Kubernetes state in etcd store

etcd is a key value pairs store, and just like we can and should back up any DB we should backup etcd as well. what inside the etcd store? All the Kubernetes components that we created have configurations defined with Kubernetes manifest files, they also have a state, and the state of deployment defines for example how many replicas are running and available. A state of service defines how many end-points and which endpoints it has. Revisions (history of deployments) are also stored in etcd that we can use for rollback. ConfigMap and secret data are also stored in etcd. So logging all this data means losing all cluster states. It is also important to know what is not included in etcd, and that is the application data itself. The storage that we configured with persistent volumes for the database or any status application is not in the etcd store. It is stored on the cluster node or remote storage, which needs to be managed in its way.

How to create an etcd backup?

It is not so complicated to create etcd backup as Kubernetes provides us a tool etcdctl, a command line for interacting with etcd server that has all the commands we need for backing up and restoring etcd data. etcdctl must be installed on the master node and then use for backup. installing it is simple: apt install etcd-client. etcd supports built-in snapshots, a snapshot may either be taken from a live member with the etcdctl snapshot save command or by copying the /member/snap/db file from an etcd data directory that is not currently used by an etcd process. Taking a snapshot will not affect the performance of the worker.

The command below takes the snapshot of teg exec moment of the etcd state.
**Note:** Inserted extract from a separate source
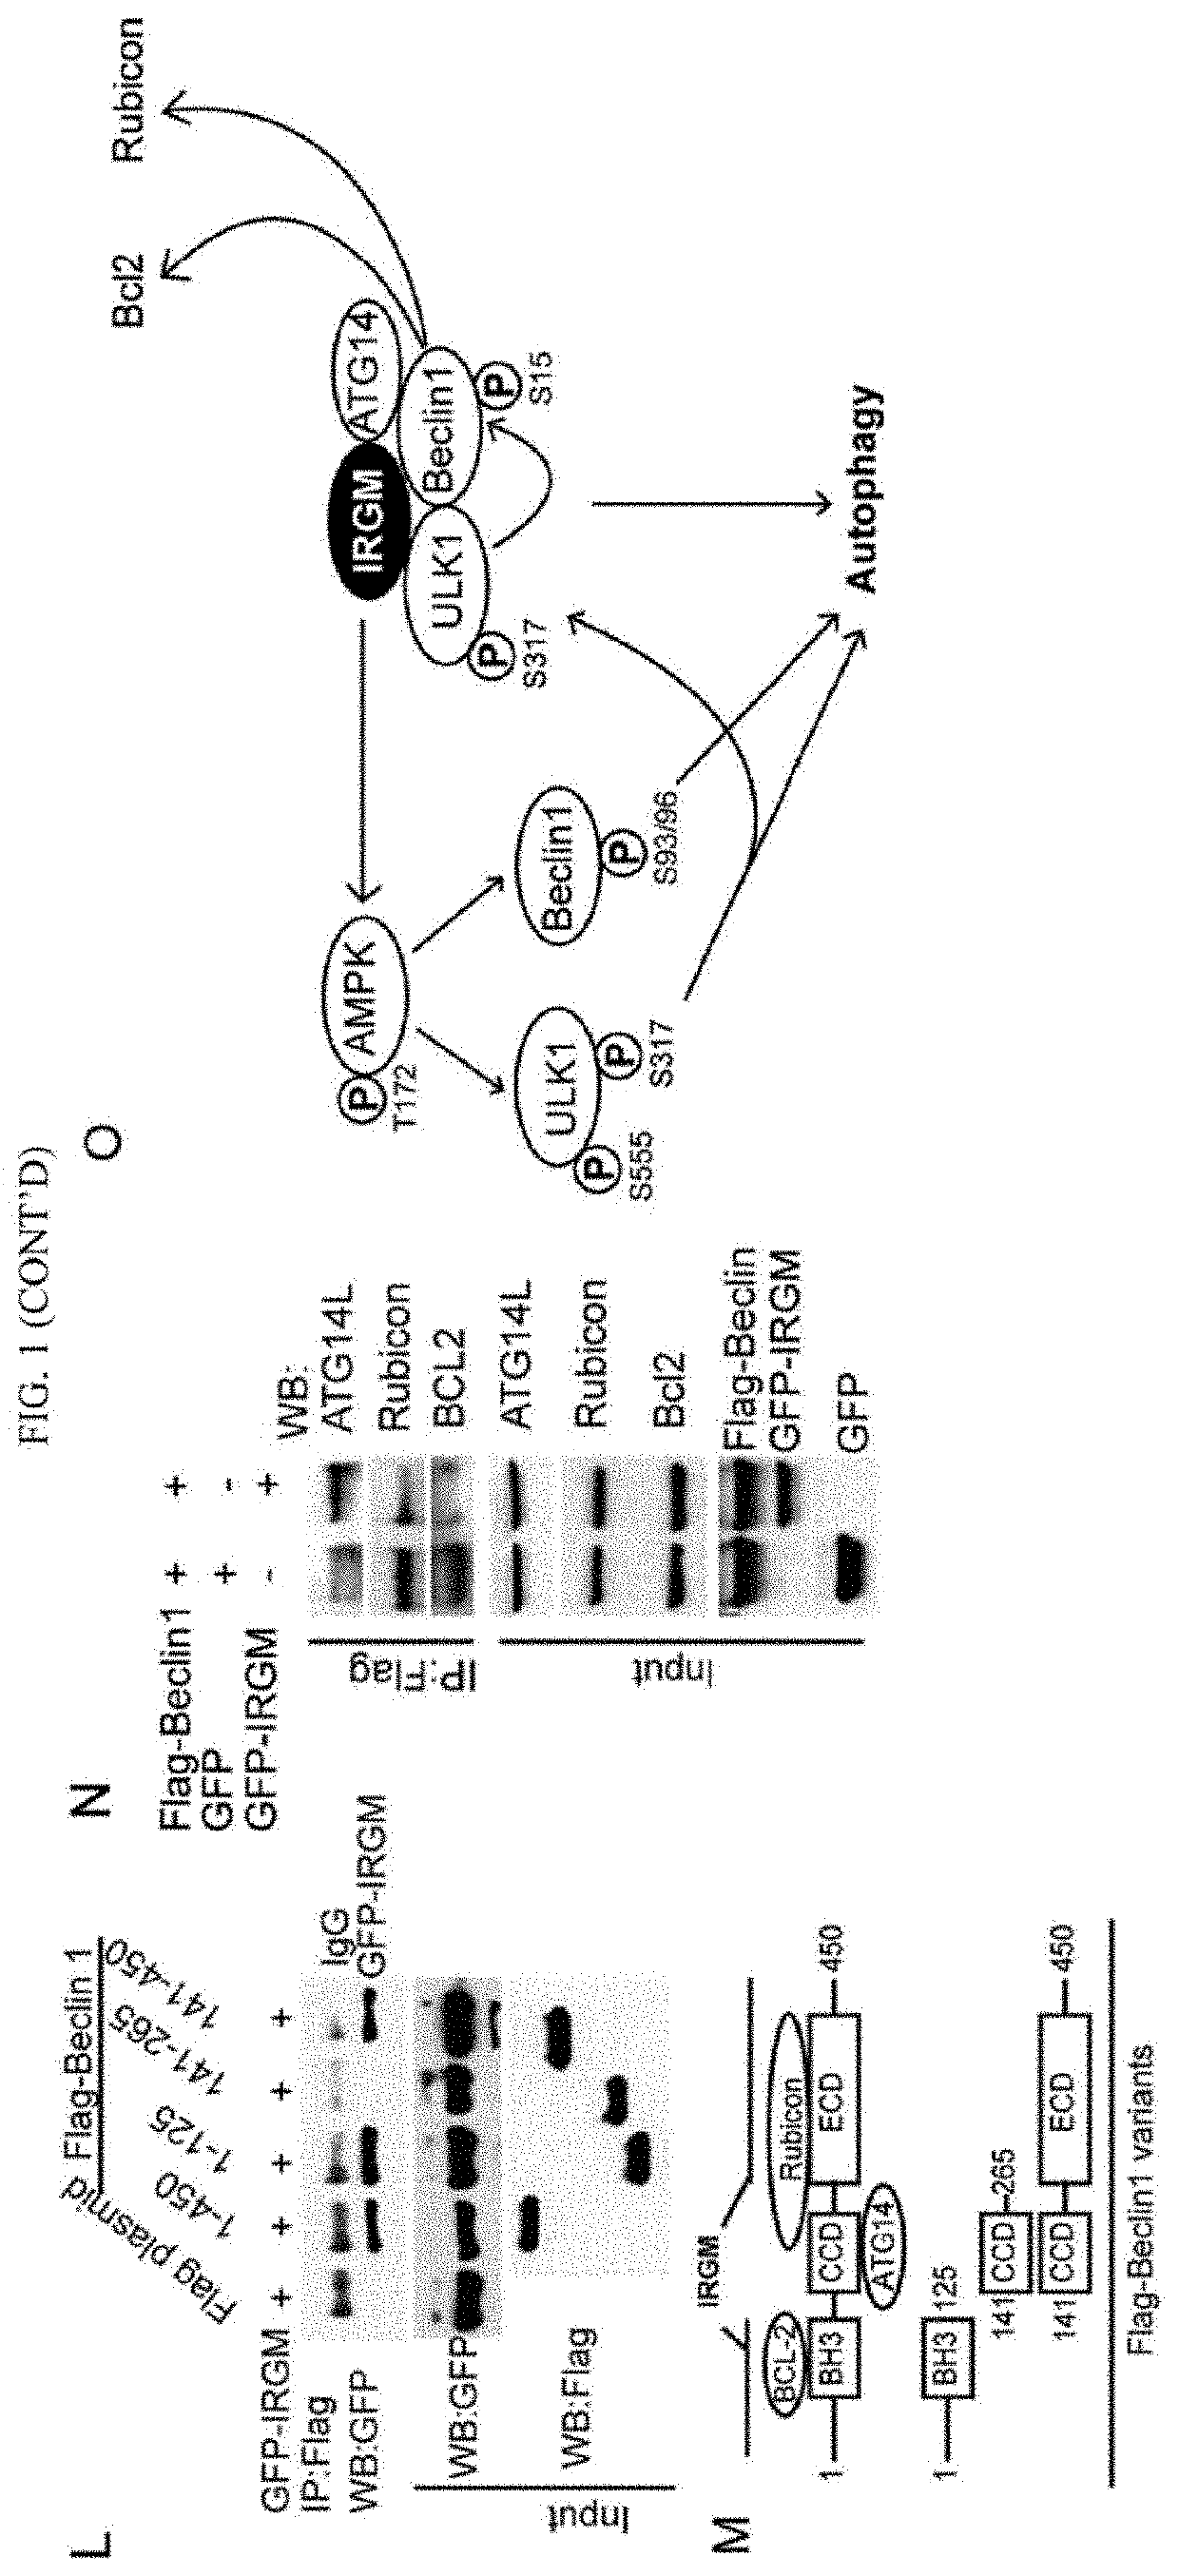 IRGM and precision autophagy controls for antimicrobial and inflammatory disease states and methods of detection of autophagy

ETCD_API=3 etcdctl snapshot save /tmp/etcd-backup.db

Note that etcdctl is a client tool for connecting to the etcd store but due to security reasons etcd is protected. We can't just execute the snapshot save command without credentials, we will get an authorization error. We need authentication and we do that using certificates. One way to check how API served connects to etcd server, the API server is also a client that talks to etcd server. This is solved in the kube-apiserver.yaml file using 3 files:

  1. ca.crt
  2. apiserver-etcd-client.crt
  3. apiserver-etcd-client.key

On the etcd servicer side there are also 3 files:

  1. ca.crt
  2. server.crt
  3. server.key

So the full syntax to take a snapshot to etcd will look like this:

ETCD_API=3 etcdctl snapshot save /tmp/etcd-backup.db — cacert /etc/kubernetes/pki/etcd/ca.crt — cert /tec/kubernetes/etcd/server.crt — key /etc/kubernetes/etcd/server.key

Alternative to manage etcd

You may wonder if etcd is so important don't we need to have maybe multiple replicas of them? Or can we m,manage it separately ? There are few options:

  1. Manage ectd on a remote storage outside ok Kubernetes cluster, instead of haveing hostpath with local storage we can have a remote storage configued.
  2. Run the etcd application itself outside the cluster, meaning instead of running etcd on your maste rnode you could run it on an external storage outside the cluster.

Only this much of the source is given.